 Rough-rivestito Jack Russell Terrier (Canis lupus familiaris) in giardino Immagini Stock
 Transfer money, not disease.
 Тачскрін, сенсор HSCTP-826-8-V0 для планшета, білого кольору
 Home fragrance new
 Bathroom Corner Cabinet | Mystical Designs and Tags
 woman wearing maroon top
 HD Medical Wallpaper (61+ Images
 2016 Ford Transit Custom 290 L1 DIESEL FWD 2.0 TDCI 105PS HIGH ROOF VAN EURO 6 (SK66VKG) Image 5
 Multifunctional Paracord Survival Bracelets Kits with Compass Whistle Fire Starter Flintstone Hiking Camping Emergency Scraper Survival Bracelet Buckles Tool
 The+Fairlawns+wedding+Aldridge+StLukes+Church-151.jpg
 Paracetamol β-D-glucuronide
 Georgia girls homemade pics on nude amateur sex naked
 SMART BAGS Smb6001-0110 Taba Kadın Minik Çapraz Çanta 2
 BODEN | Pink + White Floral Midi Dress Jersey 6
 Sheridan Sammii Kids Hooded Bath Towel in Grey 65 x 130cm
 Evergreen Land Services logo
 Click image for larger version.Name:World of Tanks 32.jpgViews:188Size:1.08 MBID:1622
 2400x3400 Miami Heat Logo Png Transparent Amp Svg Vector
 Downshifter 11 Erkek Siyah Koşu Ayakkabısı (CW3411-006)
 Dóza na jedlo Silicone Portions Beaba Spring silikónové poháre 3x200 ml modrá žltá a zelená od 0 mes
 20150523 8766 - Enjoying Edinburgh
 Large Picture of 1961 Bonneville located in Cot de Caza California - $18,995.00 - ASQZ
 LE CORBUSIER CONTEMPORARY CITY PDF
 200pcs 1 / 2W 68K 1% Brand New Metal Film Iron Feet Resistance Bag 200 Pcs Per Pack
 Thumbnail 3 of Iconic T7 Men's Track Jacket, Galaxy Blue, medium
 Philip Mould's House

● ● ● ● ● ● ●

Description of the task => Output the first line of the entries above and every line after it, exactly as written, ending with the line that contains "Multifunctional Paracord Survival".

Result for this exercise =>
 Rough-rivestito Jack Russell Terrier (Canis lupus familiaris) in giardino Immagini Stock
 Transfer money, not disease.
 Тачскрін, сенсор HSCTP-826-8-V0 для планшета, білого кольору
 Home fragrance new
 Bathroom Corner Cabinet | Mystical Designs and Tags
 woman wearing maroon top
 HD Medical Wallpaper (61+ Images
 2016 Ford Transit Custom 290 L1 DIESEL FWD 2.0 TDCI 105PS HIGH ROOF VAN EURO 6 (SK66VKG) Image 5
 Multifunctional Paracord Survival Bracelets Kits with Compass Whistle Fire Starter Flintstone Hiking Camping Emergency Scraper Survival Bracelet Buckles Tool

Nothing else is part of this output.